Consider a value n = 38.

Consider values x =[13,17,19,23,29,31,37,41,43,47] which are all

indivible(as it were) by any member of A.

***************

Kermit says:

Where A = [2,3,5,7,11]

************

chrisdarroch says:

Consider the results of n+x: [51,55,57,61,75,79,81,85]

*******

Kermit says:

38 + [13,17,19,23,29,31,37,41,43,47]

=[51,55,57,61, 75, 79, 81, 85]

Since A = [2,3,5,7,11], consider representing each of the numbers in x ,

[13,17,19,23,29,31,37,41,43,47]

by the set of remainders when divided by an element in A.

That is,

13 = [1,1,3,6,2] since 13 has remainder 1 when divided by 2, remainder 1 when divided by 3,

remainder 3 when divided by 5, remainder 6 when divided by 7, remainder 2 when divided by 11.

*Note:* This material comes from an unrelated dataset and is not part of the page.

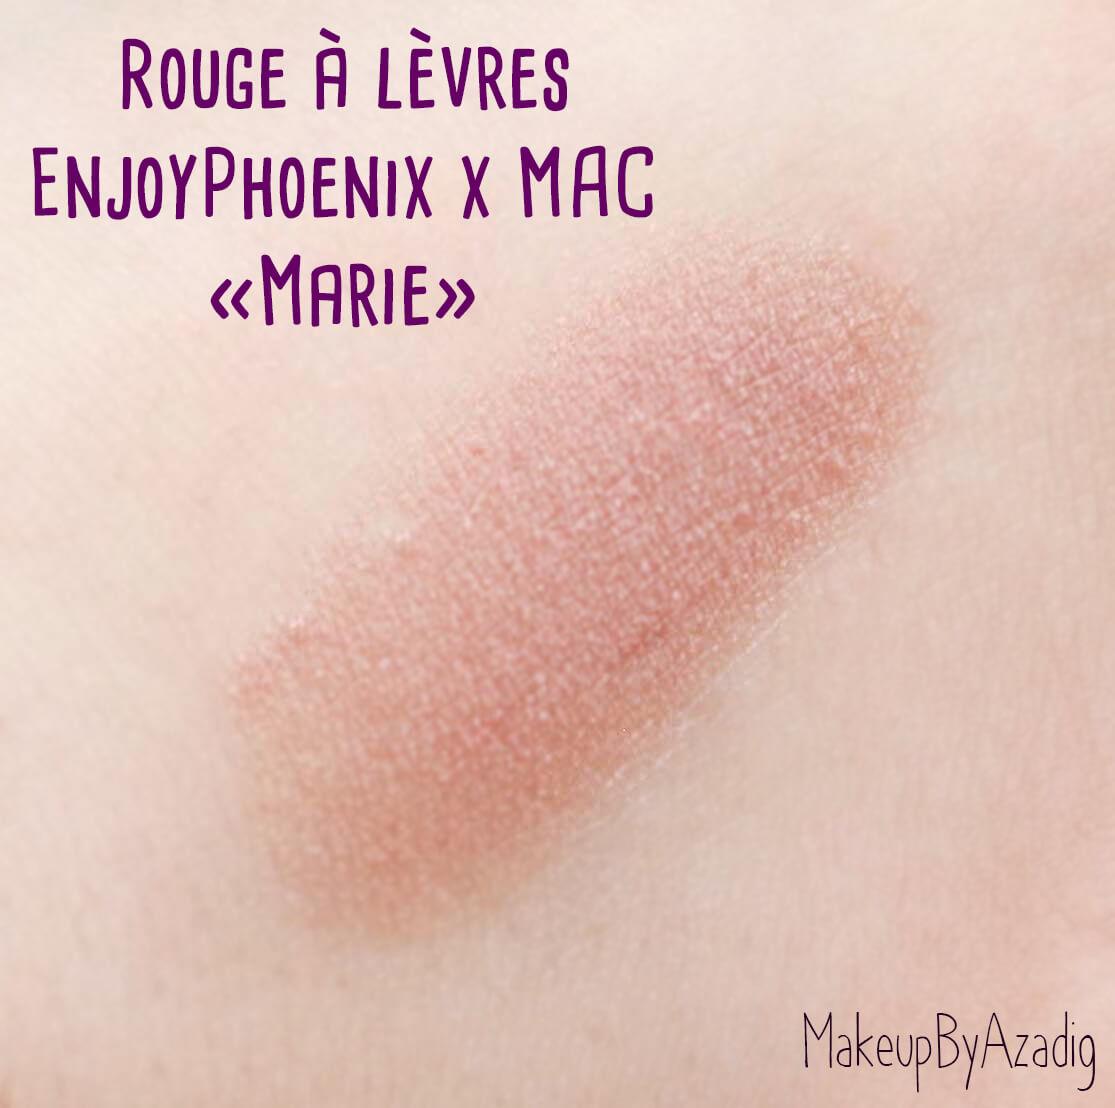 swatch-macxmarie-mac-cosmetics-rouge-a-levres-enjoy-phoenix-collaboration-makeupbyazadig-revue-avis-prix-meetup
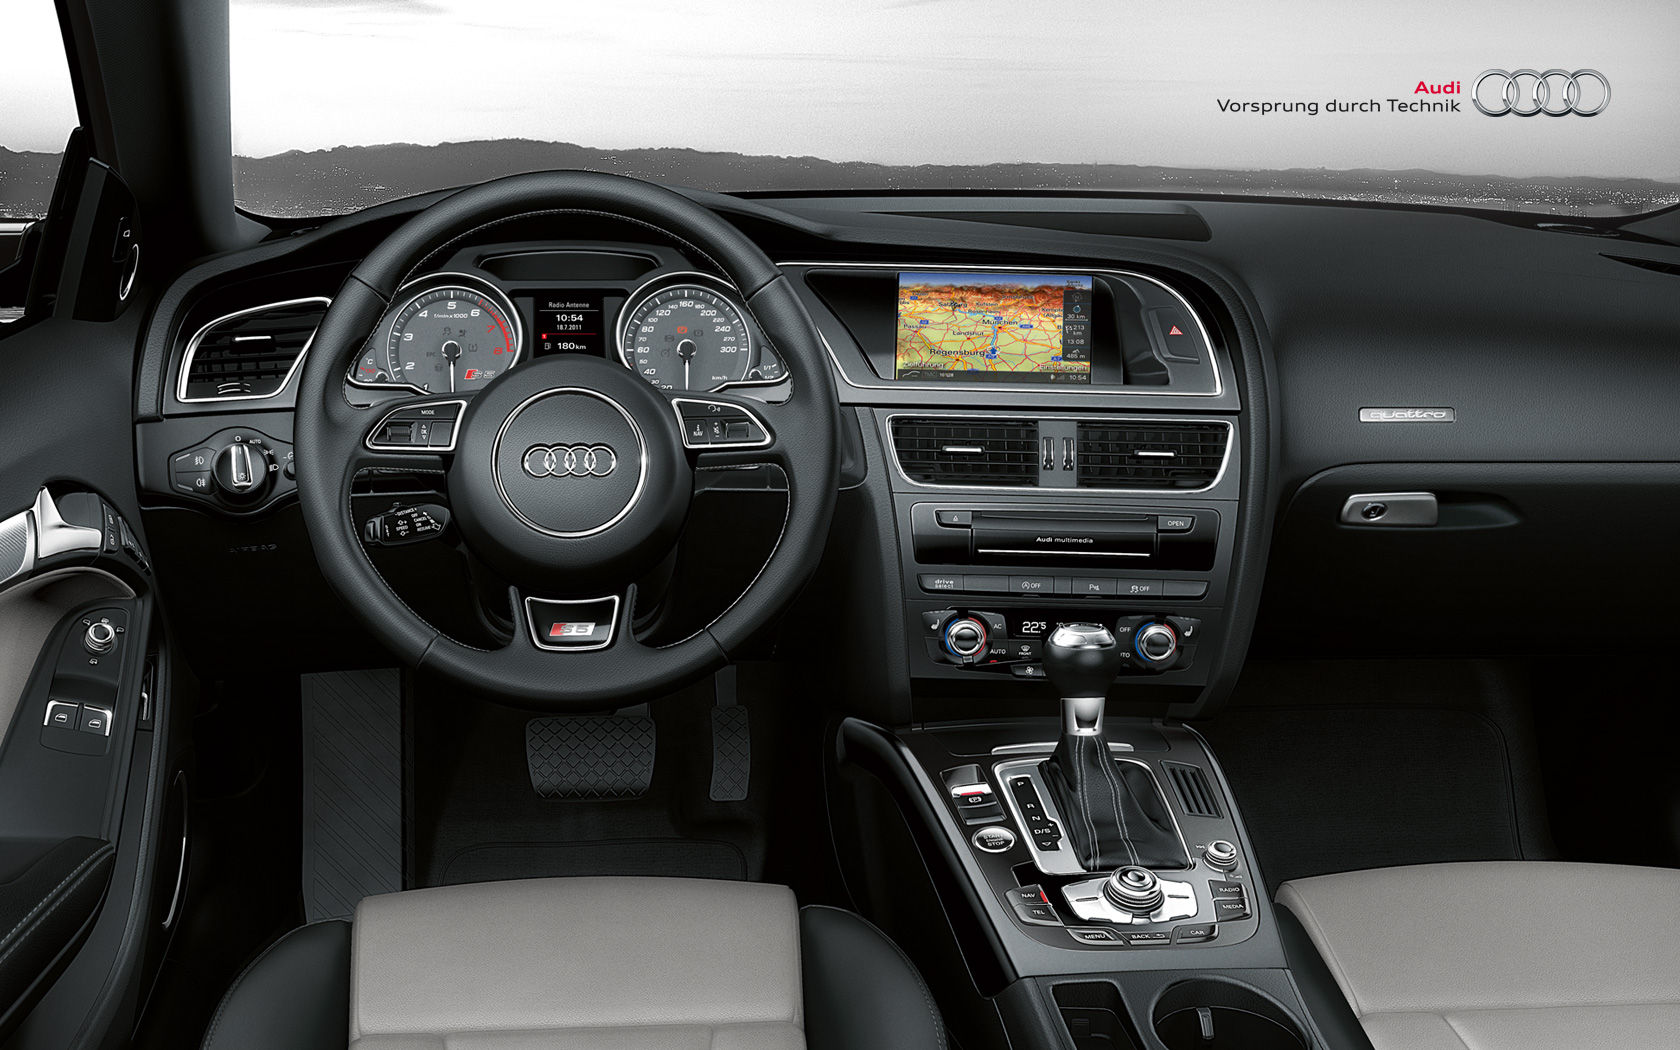 Audi S5 Coupe Specs Amp Photos 2012 2013 2014 2015 2016 Autoevolution

Make a matrix from x using the remainders when divided by elements of A.

A= 2 3 5 7 11

13 1 1 1 6 2

17 1 2 2 3 6

19 1 1 4 5 8

23 1 2 3 2 1

29 1 2 4 1 7

31 1 1 1 3 9

37 1 1 2 2 4

41 1 2 1 6 8

43 1 1 3 1 10

47 1 2 2 5 3

By looking at the column under the 2, we see that if n is odd, every sum will be divisible by 2,

and if n is even, no sum will be divisible by 2.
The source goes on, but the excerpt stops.